Ora che è arrivato a 90 anni e ha una casa a Castellana, dove vive con la moglie e riposa le ossa, ai piedi dei grandi contrafforti madoniti che sono stati i suoi giardini d’Armida, le chele gli si arrossano al ricordo di spazi aperti e verdi, ampelodesmi e cinciallegre, stelle basse e belati del marcatu dove le sue pecore l’aspettavano nemmeno fatto giorno. E ripensa a quella vacca che un mandriano di San Mauro Castelverde vendette alla fiera di Polizzi a uno di Ustica che, arrivato nella sua isola, non la trovò più appena il tempo di metterla con le altre. Senonché qualche giorno dopo la vacca apparve davanti alla stalla del bovaro di San Mauro, senza più un pelo addosso, che l’acqua del mare attraversato a nuoto le aveva levigato uno per uno quanti erano i metri che l’avevano divisa, tra acque e terre, dalla sua vitella di latte. Don Ignazio ha frequentato più animali che uomini e su questi ha mantenuto una stima mai più alta di quella prestata alle credenze che popolano le campagne, sempre pronto a ridere di storie di folletti e di spiriti maligni. Quella volta che due mafiosi latitanti si sedettero in montagna con lui a ingollare un castrato e a farlo sapere al tenente di Petralia che lo chiamò e per poco non lo arrestò, durò tale fatica a uscirne senza danni di quelli e questo che solo la perdita dei boschi delle Madonie trasformati da pascoli in parco gli diede più scoramento.

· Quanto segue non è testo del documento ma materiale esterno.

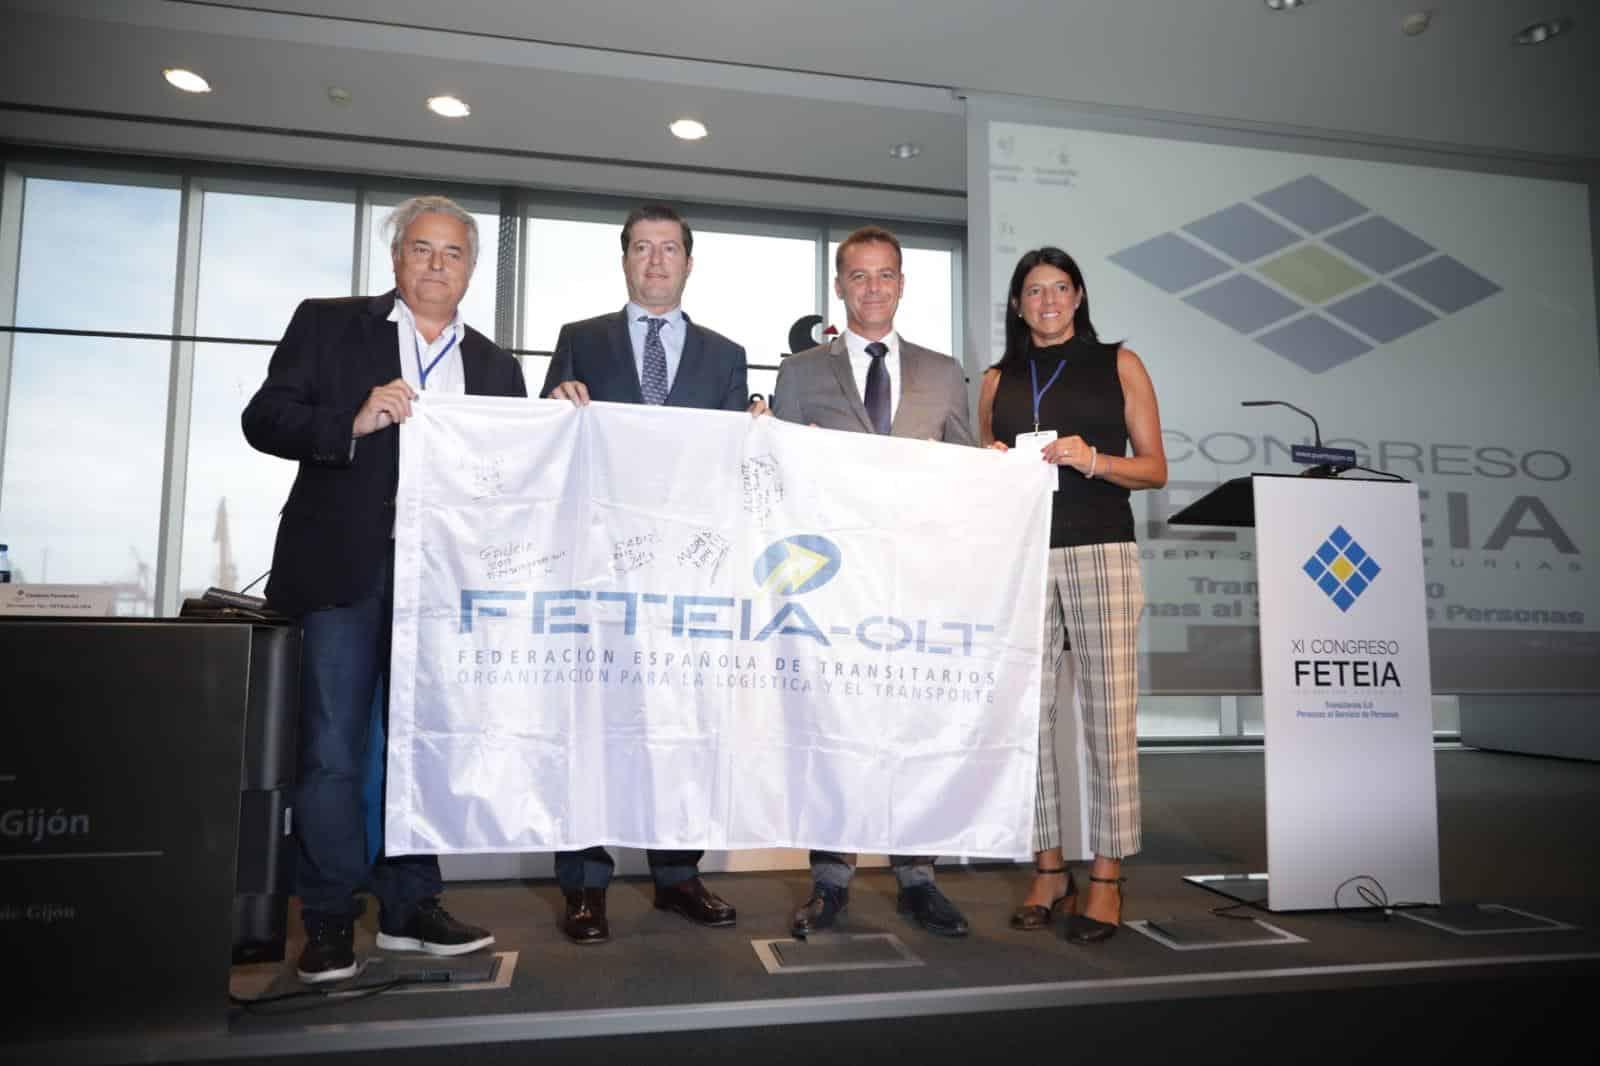 Cózar, ilusionado con la organización en Algeciras del próximo congreso de FETEIA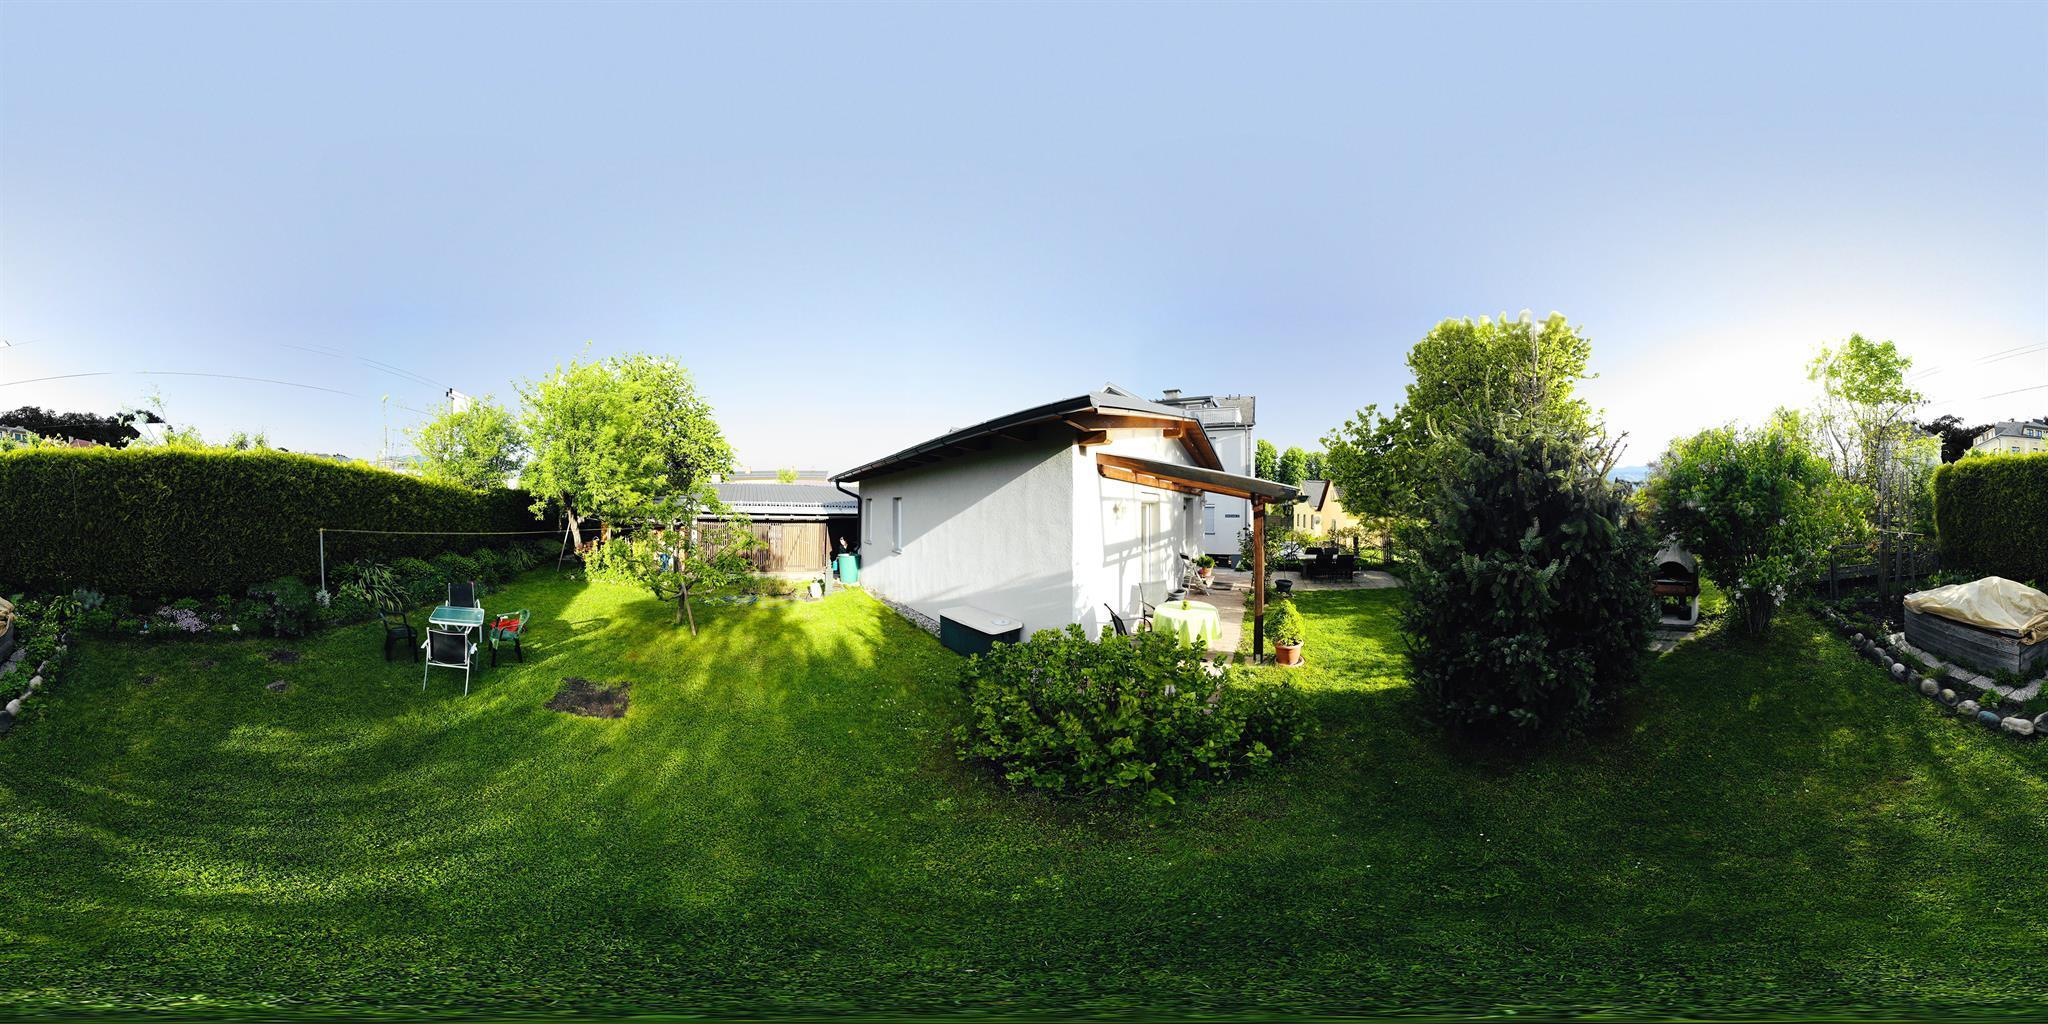 Ferienhaus Villach Villach (2548000), Villach, Villach, Kärnten, Österreich, Bild 48

Da Catuso a Susafa a Puccia, il venire meno del grande pascolo estivo decretò la chiusura di cento allevamenti, ma Intrivici fu tra quelli che si diedero vita mettendosi alla ricerca di nuovi territori, come indiani cacciati dalle loro riserve avite e primordiali. La sua vita si è condotta nella Sicilia del feudo, colorato dell’azzurro del cielo, del verde dei pascoli e del giallo del maggese, nel ritmo lento delle figlianze, delle mute e delle transumanze: un siciliano mai divenuto miope per l’abitudine dei suoi occhi a guardare orizzonti infiniti dove la distanza delle montagne si misura coi colori che passano dal verde al marrone al celeste; un siciliano che, come compare Cosimo, quando nacque il suo primo figlio non poté vederlo in braccio alla sua comare Menica perché era fuorivia, con le sue pecore che erano scappate a Cozzo Covino. Finché le ha vendute tutte e se n’è tornato per sempre a casa: prima che la pastorizia entrasse in un altro mondo, quello del figlio veterinario, dell’igiene e dei controlli, della brucellosi e del divieto di mungitura, dei contributi Cee e del finissaggio, dell’eradicazione e della vaccinazione.
Quando lo Stato si prese i pascoli delle Madonie per darli ai turisti don Ignazio capì che il mondo antico e immobile dei pastori stava cambiando e sarebbe finito. Levò gli occhi dalle cime innevate e piegò il capo sempre eretto di un cane di mannera per fare come l’asino di compare Alfio che abbassa sempre più la testa e fiuta la terra che deve raccoglierlo come si fa vecchio. Ma, ormai, passato il suo tempo, era diventato un altro Jeli: “non mostrava meraviglia di nulla al mondo; gli avessero detto che in città i cavalli andavano in carrozza egli sarebbe rimasto impassibile con quella maschera d’indifferenza orientale che è la dignità del contadino siciliano”. Una maschera che non si è più tolta e che oppone alle mostre di progresso che gli fanno in casa, a cominciare dal figlio che è a favore dell’epoca moderna e di tutte le novità che essa ha portato in campagna. E chissà che non si sia pentito di aver dato ascolto al commendatore Saeli perché Anselmo andasse a scuola anziché in una masseria e crescere con la sua stessa testa, il suo vocabolario arcaico e la visione di un mondo chiuso e finito tra la grande piana e la montagna: dove il libro della natura gli avrebbe insegnato più dei suoi testi di scienza; e il bastone che ora ripone a fianco solo per alzarsi ha avuto la forza del comando.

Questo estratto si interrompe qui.